Живность продолжала бесчинствовать. В не менее далеком Петербурге, в личных покоях императрицы всю ночь скреблись мыши, гоняя из угла в угол черствую корочку хлеба. Разжиревший дворцовый кот лениво взирал на творящийся беспредел из-под сонно прикрытых глаз, едва шевеля усами. Утром невыспавшаяся Екатерина II раздраженно внимала речам своих подданных. Выслушав доклад о неудавшемся похищении, она гневливо упрекнула фаворита:

— А куклу-то безмозглую зачем с собой приволок?

Орлов беспечно пожал плечами:

— Като, она единственная, кто знает в лицо самозванку.

— И лик сей она пытается узреть, не покидая твоих палат? — ехидно вопросила государыня.

Не придумав ответаь, фаворит с показным покаянием развел руками: мол, что ж ты хочешь, родная, от здорового мужика.

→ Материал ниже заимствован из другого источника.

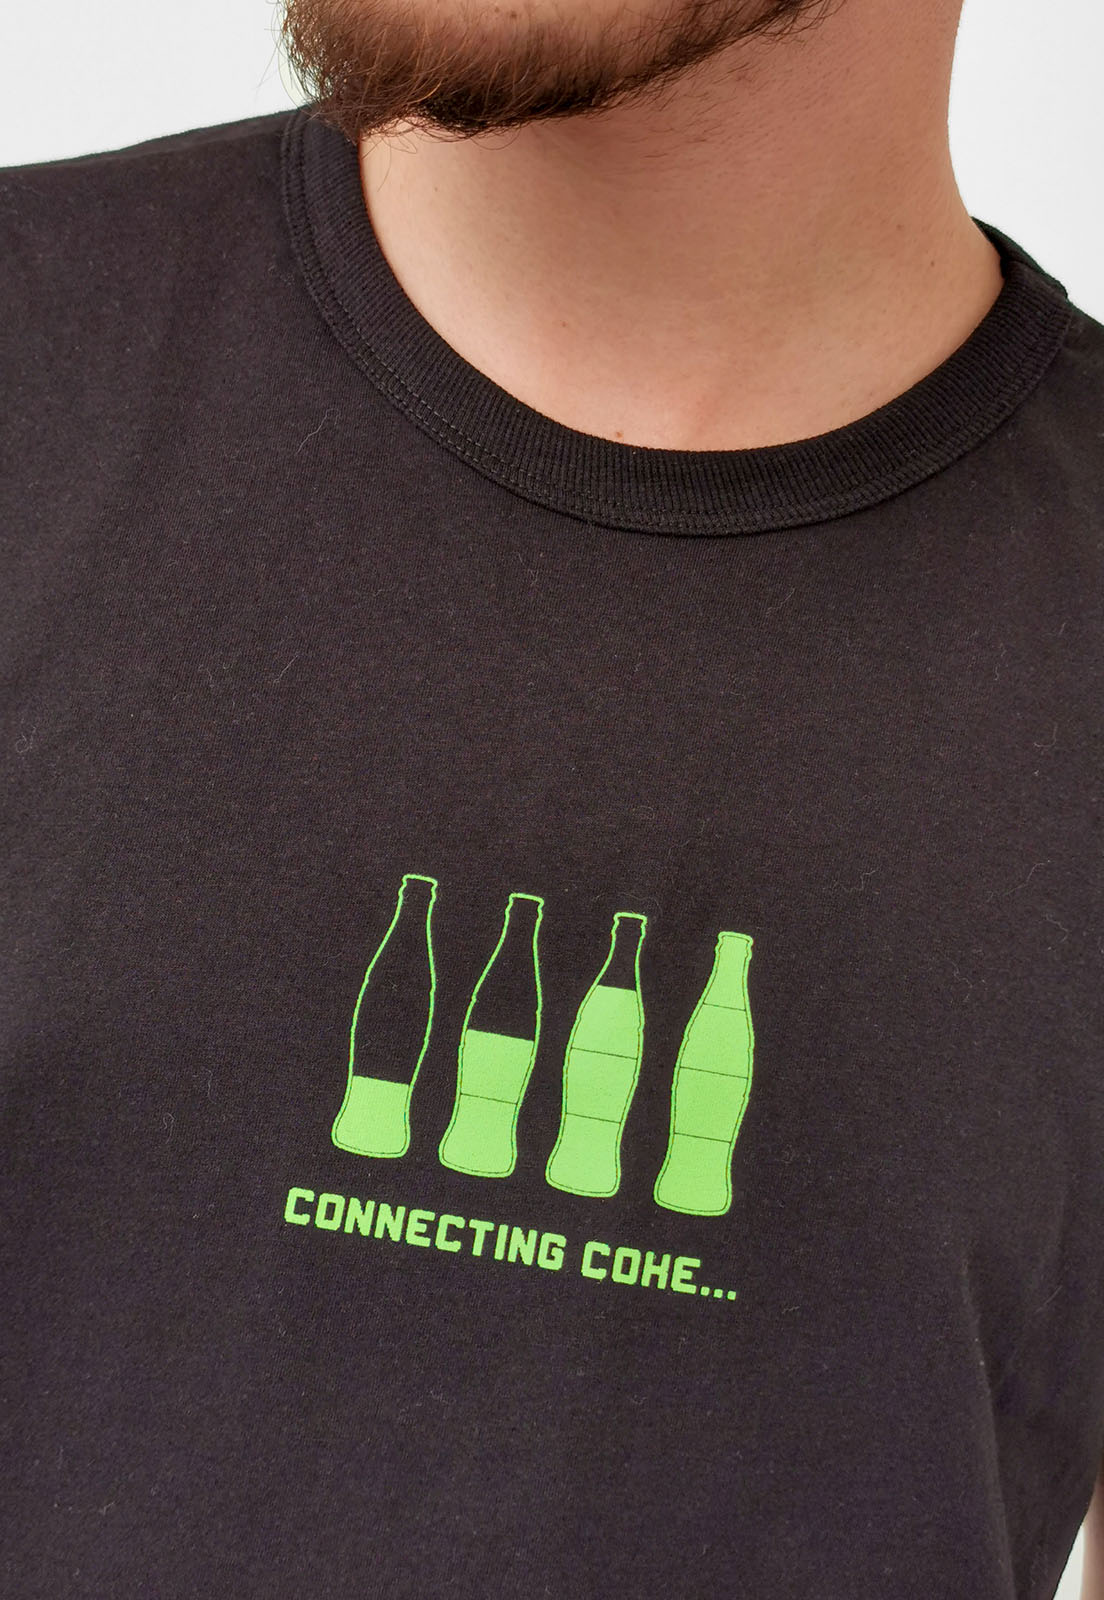 Camiseta Coca-Cola Preto Connecting

В кабинете императрицы было тепло и уютно, вокруг тяжелого стола стояли глубокие кресла, на полу лежала бурая медвежья шкура, а с потолка свисала неаполитанская люстра на двадцать пять свечей. Помимо Григория Орлова на совете присутствовал Никита Панин, а в уголочке, стараясь не привлекать к себе внимания, скрипел гусиным пером, высунув от усердия язык, карьерист Безбородко.

— Бегая за одной юбкой, прихватил другую? — подбросила еще одну шпильку Екатерина и, не сдержавшись, протяжно зевнула.

— Он прав, матушка государыня, — поддержка пришла с неожиданной стороны. Панин размерено, хмуро пожевав губами, проскрипел бесцветным, лишенным эмоций голосом: — В руках французов беглянка сулит нам многие беды. Мало нам грамот подметных, самозваных, так еще и живой штандарт узрим…

— Делайте, что хотите, — обречено махнула рукой Екатерина. — Меня другие думы гнетут. Османы голову поднимают, Украина беспокойна.

— Войны с туретчиной так и так не миновать, все в руках божьих, — рассудительно молвил Панин. — А то, что запорожцы шляхту пощиплют, нам только на руку. Паны сами виновны в народном гневе.

— Пощиплют… хе-хе, — в точности скопировав интонации вельможи, хмыкнул Орлов. — А коли во вкус войдут? Иль набеги казацкие на Москву из памяти стерлись? Дай им волю, беды не оберешься.

Басовито гудя, над сановными головами пролетела ярко-желтая оса, скрывая черные полоски за мельтешением прозрачных крылышек. Императрица отмахнулась веером от назойливого насекомого и с едва заметным беспокойством спросила:

— Что ты предлагаешь, Никита Иванович? Говоришь, Гонта и Железняк бунтовщики? Аль запамятовал, что булава Хмельницкого тоже из кровавой купели явилась.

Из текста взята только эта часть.